Huge thanks to our Platinum Members Endace and LiveAction,
and our Silver Member Veeam, for supporting the Wireshark Foundation and project.

Wireshark-dev: [Wireshark-dev] [PATCH] nstring and astring support in PIDL and Wireshark

From: Julien Kerihuel <j.kerihuel@xxxxxxxxxxxxxx>
Date: Thu, 14 Jan 2010 14:54:25 +0100
Hi Lists,

First of all, sorry for this cross-posting, non-subscriber post which
furthermore also includes attachments. This probably breaks some of the
most elementary mailing-list rules, so feel free to mention if it's
inappropriate and/or where these emails better belongs in the future.

Introduction:
=============
I'm currently working on improving the MAPI wireshark dissector - add
support for Exchange 2003/2007/2010 RPC functions (EcDoConnectEx and
EcDoRpcExt2, respectively 0xA and 0xB).

The OpenChange IDL is pretty big, it works smoothly with Samba4, but the
point is that MAPI structures are non-NDR compatible and passing the IDL
to pidl Wireshark's parser produces numerous errors.
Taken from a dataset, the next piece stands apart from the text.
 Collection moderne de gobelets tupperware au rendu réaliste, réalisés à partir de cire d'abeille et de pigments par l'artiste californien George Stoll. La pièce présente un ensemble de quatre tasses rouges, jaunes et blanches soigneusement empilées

The series of patches I'm working on are trying to solve these
incompatibilities issues, providing (as much as possible) an
auto-generated dissector rather than a long, painful and prone errors
hand-written one.

nstring and astring patch explained:
====================================
One of the recurrent type of strings we are using in OpenChange for MAPI
structures are astring and nstring. These are strings which are not
prefixed with any NDR fields such as [size][offset][length] and which
overall length is found by parsing the string until we find NUL
terminated characters.

To make it more obvious, a classical NDR-encoded string would be:
[size][offset][length][my super string][NULL]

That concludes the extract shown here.